Quinnell pictured these women, armed with an education, returning to their own country to fight statelessness and the sex trade from within.
To make it happen, Quinnell knew he had to get people as angry about the situation as he was - to see red. That's where the posters came in.
"Do you have sex with strangers?" they read. "Thousands of children are forced to every day. Get ready to join the fight against child prostitution. Get angry. See red."
The signs plastered all over campus helped launch an unprecedented effort that in August brought two 19-year-old undocumented Thai students from rural villages to central Wisconsin. State Department officials, experts on statelessness in Thailand and university administrators agree: The accomplishment was rare, impressive and important.
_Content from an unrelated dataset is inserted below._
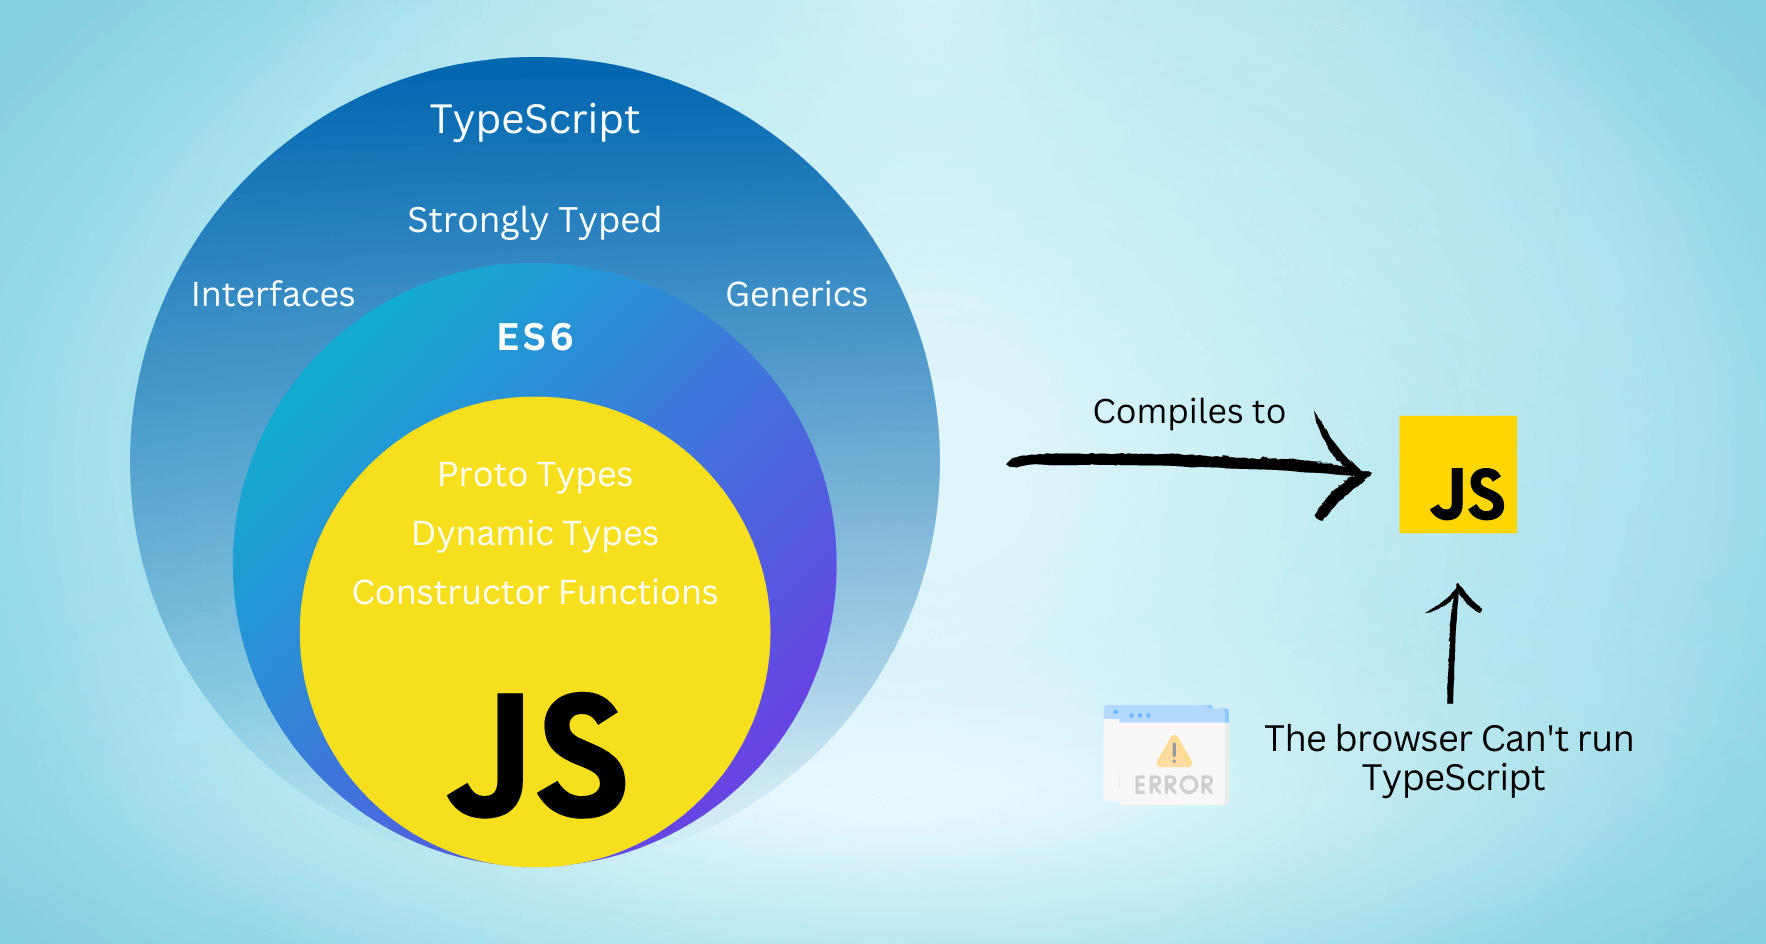 Why TypeScript is better than JavaScript?

"Mountains moved to make this happen," said Brad Van Den Elzen, director of foreign student programs at UW-Stevens Point. "So many people stuck their necks out who didn't have to."
But the dream could end. Despite efforts, the Thailand Project hasn't raised new donations. And the women will run out of funding in May.
"We've proven the concept of gaining human rights through education (can work)," Quinnell said. "If it dies with these two girls in one year, we're never going to be able to get this again."